In this scenario, this paper presents a method to perform the recognition of geometrical patterns in fine arts, thanks to image processing techniques. In particular, we developed and tested a deep learning-based framework to classify the geometric forms and patterns of floor mosaics, which consist of an arrangement of tiles usually characterized by jagged and undefined boundaries or surface irregularities. The workflow of the proposed method is shown in Figure 1.
The paper is organized as follows: In Section 2, we introduce methods of image processing applied to fine arts, involving machine learning and deep learning-based techniques. Section 3 describes the proposed method based on deep neural networks. Section 4 introduces the case study.
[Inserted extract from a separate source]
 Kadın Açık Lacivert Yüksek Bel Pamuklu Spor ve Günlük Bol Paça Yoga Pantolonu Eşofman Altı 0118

Section 5 presents the experiments resulting from the application of the deep neural network framework to the dataset and the results achieved. In Section 6, some final remarks and open questions close the paper.

2. Related Work

This section proposes a literature survey dealing with various methods of image processing applied to fine arts, involving machine learning and deep learning-based techniques. In [14,15,16,17,18], image processing techniques for art investigation are applied to the detection of defects and cracks, as well as to the removal of defects and canvas from high-resolution acquisition of paintings. Examples of these kinds of methods include the use of sparse representations and the removal of cradling artifacts in X-ray images of panel paintings [15] and the automated crack detection using the Ghent Altarpiece [16], employed as guidance during its ongoing restoration.
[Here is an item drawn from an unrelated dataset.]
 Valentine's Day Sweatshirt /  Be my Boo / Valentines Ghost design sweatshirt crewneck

Various methods of automatic image segmentation are used in the literature aiming at identifying regions in an image and labeling them as different classes. The main applications are pattern recognition for classifying paintings [19,20,21,22,23] or the authentication of fine arts (e.g., of paintings) [24]. These image segmentation methods include the following: The thresholding methods transform a grey-scale image into a binary image, where the algorithm evaluates the differences among neighboring pixels to find object boundaries [25,26,27]. The region growing methods are based on an expansion of an object detected inside of an object [28,29] by selecting object seed pixels (inside an area to be detected) and then searching for neighboring pixels with similar intensities to the object seed pixels. In the level sets, the algorithm will converge at the boundary of the object where the differences are the highest. In the graph-cut method [30,31,32], firstly proposed by Wu and Leahy [30], each image is represented as a graph of nodes: each node corresponds to an image pixel, and links connecting the nodes are called edges; a pathway is constructed connecting all the edges to travel across the graph.
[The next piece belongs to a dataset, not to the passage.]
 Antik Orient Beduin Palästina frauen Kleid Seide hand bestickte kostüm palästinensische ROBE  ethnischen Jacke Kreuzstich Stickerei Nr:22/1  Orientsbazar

Aggregation methods are important as well for image resampling [33] or denoising [34]: When an appropriate scale or resolution is determined, the next step is to obtain the corresponding images. In the case of low scale or resolution, resampling techniques are often used to interpolate an image into a desired resolution, and aggregation is a particular resampling technique widely practiced for “up-scaling” image data from high resolution to low resolution [33].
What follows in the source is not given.